BEGIN
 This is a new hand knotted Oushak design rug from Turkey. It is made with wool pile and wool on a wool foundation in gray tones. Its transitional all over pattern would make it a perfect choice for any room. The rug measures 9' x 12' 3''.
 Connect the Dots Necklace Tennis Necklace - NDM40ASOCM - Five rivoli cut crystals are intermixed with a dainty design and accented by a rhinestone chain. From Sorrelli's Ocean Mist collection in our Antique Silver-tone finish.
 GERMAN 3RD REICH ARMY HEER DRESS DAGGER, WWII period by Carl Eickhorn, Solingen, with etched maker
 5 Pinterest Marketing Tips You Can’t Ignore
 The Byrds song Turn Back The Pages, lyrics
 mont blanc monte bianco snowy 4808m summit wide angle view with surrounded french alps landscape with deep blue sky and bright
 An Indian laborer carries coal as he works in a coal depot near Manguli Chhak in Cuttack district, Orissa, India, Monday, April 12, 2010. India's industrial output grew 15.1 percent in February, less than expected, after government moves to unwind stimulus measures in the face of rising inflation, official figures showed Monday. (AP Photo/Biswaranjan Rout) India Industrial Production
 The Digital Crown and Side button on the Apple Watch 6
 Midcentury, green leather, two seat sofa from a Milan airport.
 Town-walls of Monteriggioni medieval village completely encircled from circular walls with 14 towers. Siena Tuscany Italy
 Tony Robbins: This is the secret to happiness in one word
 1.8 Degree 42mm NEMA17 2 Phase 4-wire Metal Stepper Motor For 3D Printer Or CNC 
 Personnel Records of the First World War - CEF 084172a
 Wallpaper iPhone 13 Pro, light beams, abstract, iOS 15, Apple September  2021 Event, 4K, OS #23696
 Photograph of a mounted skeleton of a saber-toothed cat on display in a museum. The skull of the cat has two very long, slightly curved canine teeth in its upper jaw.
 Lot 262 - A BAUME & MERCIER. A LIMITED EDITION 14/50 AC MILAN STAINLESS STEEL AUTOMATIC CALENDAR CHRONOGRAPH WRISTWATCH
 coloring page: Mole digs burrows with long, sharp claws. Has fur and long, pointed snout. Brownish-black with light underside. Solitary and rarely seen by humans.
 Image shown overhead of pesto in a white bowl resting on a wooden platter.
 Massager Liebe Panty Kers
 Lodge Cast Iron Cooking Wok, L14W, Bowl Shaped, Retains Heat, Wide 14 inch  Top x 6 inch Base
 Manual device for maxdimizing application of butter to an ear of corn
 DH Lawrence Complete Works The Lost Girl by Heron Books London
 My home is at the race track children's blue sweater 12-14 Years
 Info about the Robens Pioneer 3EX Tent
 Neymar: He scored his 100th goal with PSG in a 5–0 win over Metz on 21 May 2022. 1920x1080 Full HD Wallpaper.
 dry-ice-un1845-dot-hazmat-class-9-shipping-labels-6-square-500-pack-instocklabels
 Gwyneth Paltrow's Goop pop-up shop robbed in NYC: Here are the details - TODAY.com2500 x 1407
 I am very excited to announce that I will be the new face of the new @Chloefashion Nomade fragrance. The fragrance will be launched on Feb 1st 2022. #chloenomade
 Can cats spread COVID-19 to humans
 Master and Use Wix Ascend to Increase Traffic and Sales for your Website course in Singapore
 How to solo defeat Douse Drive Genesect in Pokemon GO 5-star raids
END
◆ ASSIGNED TASK
Given the records above, restate word for word only the lines starting at the one with "The Byrds song Turn Back The Pages, lyrics" and ending at the one with "Wallpaper iPhone 13".

◆ WORKED SOLUTION
 The Byrds song Turn Back The Pages, lyrics
 mont blanc monte bianco snowy 4808m summit wide angle view with surrounded french alps landscape with deep blue sky and bright
 An Indian laborer carries coal as he works in a coal depot near Manguli Chhak in Cuttack district, Orissa, India, Monday, April 12, 2010. India's industrial output grew 15.1 percent in February, less than expected, after government moves to unwind stimulus measures in the face of rising inflation, official figures showed Monday. (AP Photo/Biswaranjan Rout) India Industrial Production
 The Digital Crown and Side button on the Apple Watch 6
 Midcentury, green leather, two seat sofa from a Milan airport.
 Town-walls of Monteriggioni medieval village completely encircled from circular walls with 14 towers. Siena Tuscany Italy
 Tony Robbins: This is the secret to happiness in one word
 1.8 Degree 42mm NEMA17 2 Phase 4-wire Metal Stepper Motor For 3D Printer Or CNC 
 Personnel Records of the First World War - CEF 084172a
 Wallpaper iPhone 13 Pro, light beams, abstract, iOS 15, Apple September  2021 Event, 4K, OS #23696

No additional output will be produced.